Conference on Married Priests in Rome — November 13th

Since I have often blogged on issues relating to the Eastern tradition of a married priesthood and how that has sometimes been a cause of tension between Orthodoxy and Catholicism, I thought readers here would be interested in this very interesting conference to be held in Rome next week, involving Eastern Catholic scholars and an Orthodox priest:


November 1, 2012


Married Priests: Optional celibacy in the

Eastern Catholic Churches, past and present


ROME — The tradition and vocation of the married priesthood in the Eastern Catholic Church will be discussed at an international seminar in Rome this month.

Five Eastern Catholic scholars from Australia, Canada, Italy and the United States will speak on different themes related to the married priesthood, including its history in the Eastern Church, how the spousal mystery is understood, and the divisions in the Eastern Church on the issue of mandatory celibacy.

This half-day event will be held Nov. 13, from 9 a.m. to 1 p.m., at Domus Australia, Via Cernaia, 14. It is co-sponsored by the Australian Catholic University and The Sheptytsky Institute of Eastern Christian Studies at Saint Paul University, Canada.

Presentations will be in English and Italian. Admission is free. See the attached poster for the list of speakers and the titles of their lectures.

The universal Catholic Church consists of the Western Church, more commonly referred to as the Roman Catholic or Latin rite, and 22 Eastern Catholic Churches. All are gathered under the leadership of the pope in Rome. While the Western Church insists on the celibate priesthood, the different and ancient traditions of the Eastern Church, including the married priesthood, are accepted and honoured.

For more detailed information or interviews, contact:

For further reading:

Can East & West Co-Exist with Married Priests?

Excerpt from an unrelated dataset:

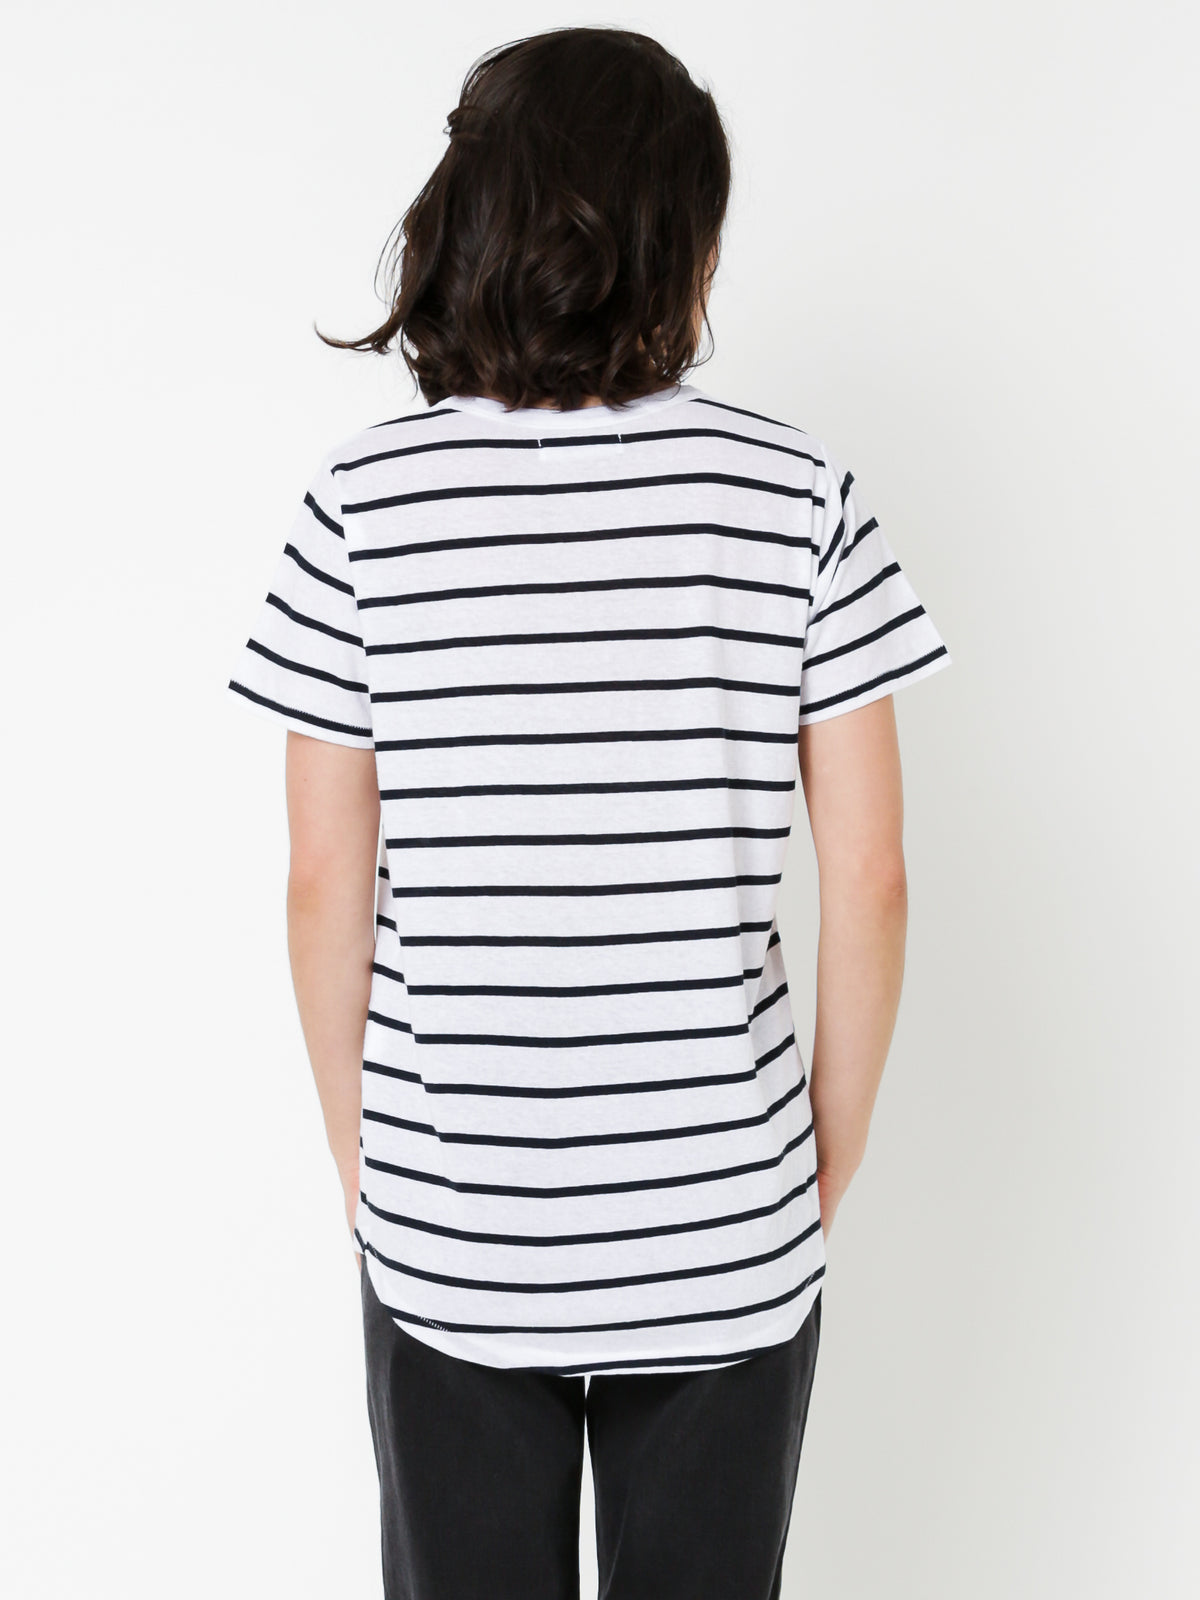 Coastline Stripe T-Shirt in White

5 Responses to Conference on Married Priests in Rome — November 13th

  1. davidmeyer75 says:

    I have a question. If celibacy were the last issue on the table in reunion talks between Catholic and Orthodox, and all other issues of primacy and filioque etc. had been resolved (I know, bear with me…), and Rome insisted on it, would it prevent reunion? Would Orthodox hold out on that one issue?

    • david says:

      The issue is important because of history. The Orthodox have always looked askance at the Unions of Brest and Uzhorod following the failure of Florence. By Rome’s failure to honor the entirety of the commitments made in Brest and Uzhorod – celibacy being just one of them (the methodologies of local Church administration and the election of Eastern bishops being another big issue to the Orthodox). If it is inconvenient to Rome to permit the exercise of a married clergy among the Eastern Catholics what about other issues? That is the Orthodox point of view and that is why this issue is important to future efforts towards reunion.

  2. Nelson says:

    Reblogged this on Ramblings of a Byzantine Catholic and commented:
    Thank you, Dave for posting about this important conference. The practice of ordaining both married and celibate men to the priesthood is Apostolic Traditions. One is not inferior to the other!

  3. david says:

    Please note for the record that Protopresbyter James Dutko is an Orthodox priest from the United States and the son of an Orthodox priest whose family followed Bishop Orestes Chornock into Orthodoxy in 1938 from the Ruthenian Greek Catholic tradition following the imposition of Ea Semper and Cum Data Fuerit. .

    • orthocath says:

      Thank you for the correction about Fr. James Dutko. Do you know if his lecture (or any of the other ones) will be either published or recorded so that we who cannot make it to Rome can benefit from them?